Andrey Yuryevich Molchanov (; born 24 September 1971) is a Russian businessman. He is the founder and major shareholder of LSR Group (OJSC) and a former representative of Leningrad Oblast in the Federation Council of the Federal Assembly of the Russian Federation (2008-2013).

Education
In 1993 Molchanov graduated from the economic faculty of the Saint Petersburg State University, in 1998 graduated from the Russian Academy of Public Administration under the President of the Russian Federation (RAPA). Andrey Molchanov also holds a doctorate in Economic Sciences.

Business
In 1993 Molchanov founded and was president until 2007 of Open Joint Stock Company LSR Group, one of the leading real estate development, construction and building materials companies of Russia. Originally, at the LSR Group, his friends Grigory Vedernikov, Georgy Bogachev, Igor Levit, and Yevgeny Yatsyshin were the top management who received support from Mikhail Romanov, who was the general director of Stroydetal OJSC () and is an uncle of Andrey Molchanov (; b. 1957). While Molchanov was in the Federation Council, Mikhail Romanov was the Chairman of the Board at the LSR Group.

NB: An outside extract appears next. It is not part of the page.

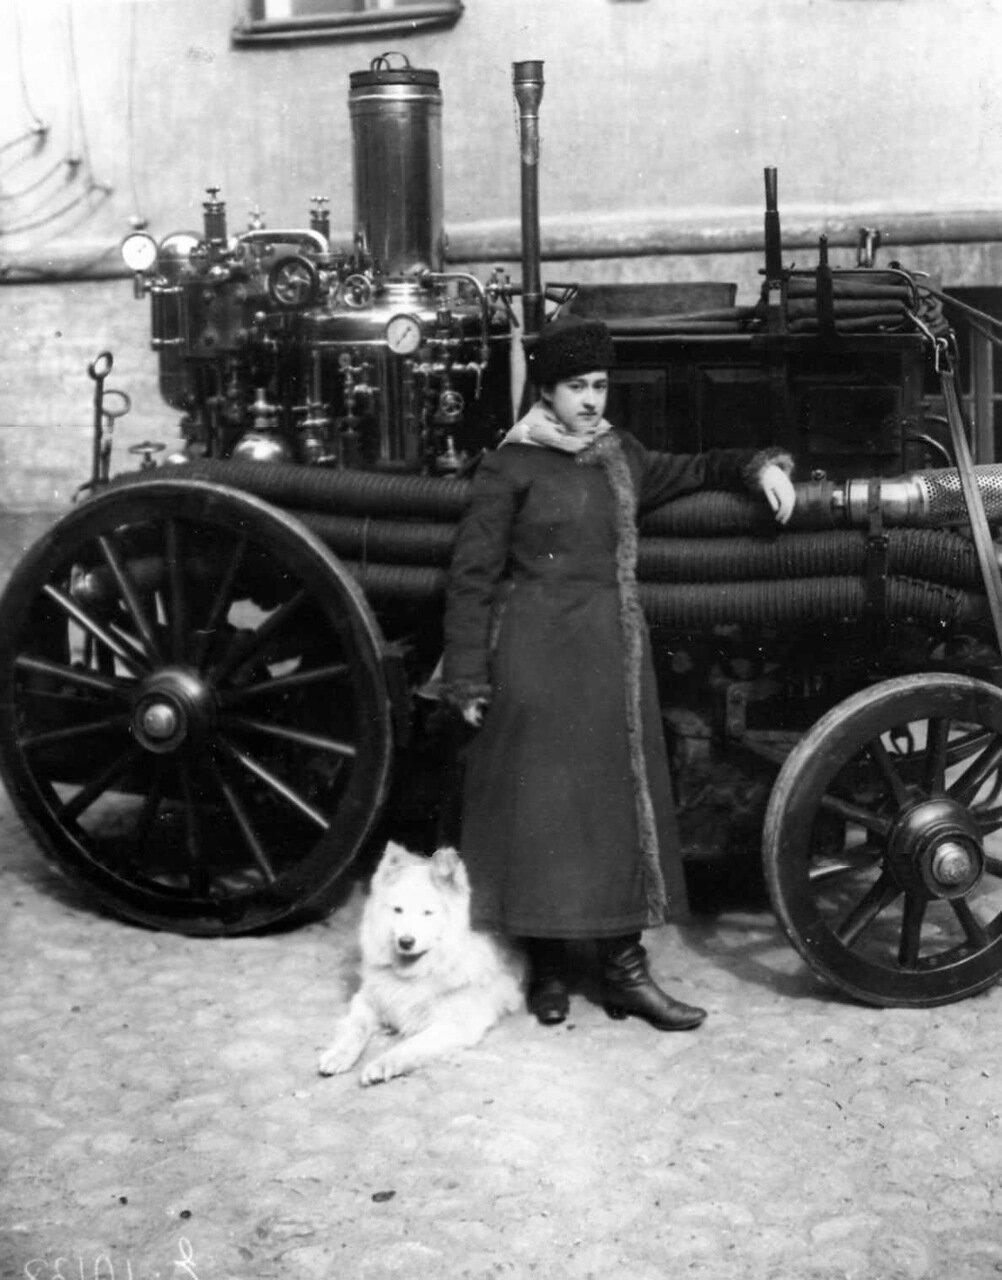 04. Первая женщина пожарный Ермолова у повозки с пожарным оборудованием. 1910

After leaving his post on the Federation Council in 2013, Molchanov returned to the LSR Group and became chairman of the board of directors from April 2013 until April 2015 and again from August 2018 to 2019. He has been Chairman of the Strategy and Investment Committee with the LSR Group since April 2015 and, since May 2015, the General Director, Chairman of the Management Board at the LSR Group. In 2015, he became a member of the board of directors with Razvitie LLC, and, between March 2016 and 2019, he was the President of the Association of National Association of Builders.

In April 2019, he reduced his ownership shares of the LSR Group to 50.33% by selling shares (9.71%) after which Forbes listed his wealth at $950 million.
 
He has been the General Director of the LSR Group since June 2019.

During the Trump Tower Moscow deal before Donald Trump became United States President, Molchanov owned the property at the location for the new Trump Tower in Moscow.

Politics
In 2007 Molchanov was appointed the Assistant of the Russian Federation public health services and social development Minister.

Andrey Molchanov was a member of the Federation Council representing Valeriy Serdyukov, the Governor of Leningrad Oblast (elected in January 2008), and the Chairman of the Council of Federation Committee on the Commonwealth of Independent States Issues (elected in December 2009). Representing Leningrad Oblast, he was on the Council of the Federation of the Federal Assembly for the Russian Federation from 2008 until 2013.

Oligarchs list
In January 2018, Molchanov was placed on the United States Department of Treasury "Oligarchs List" of persons who are close to Vladimir Putin.

Family
Molchanov is married and has six children.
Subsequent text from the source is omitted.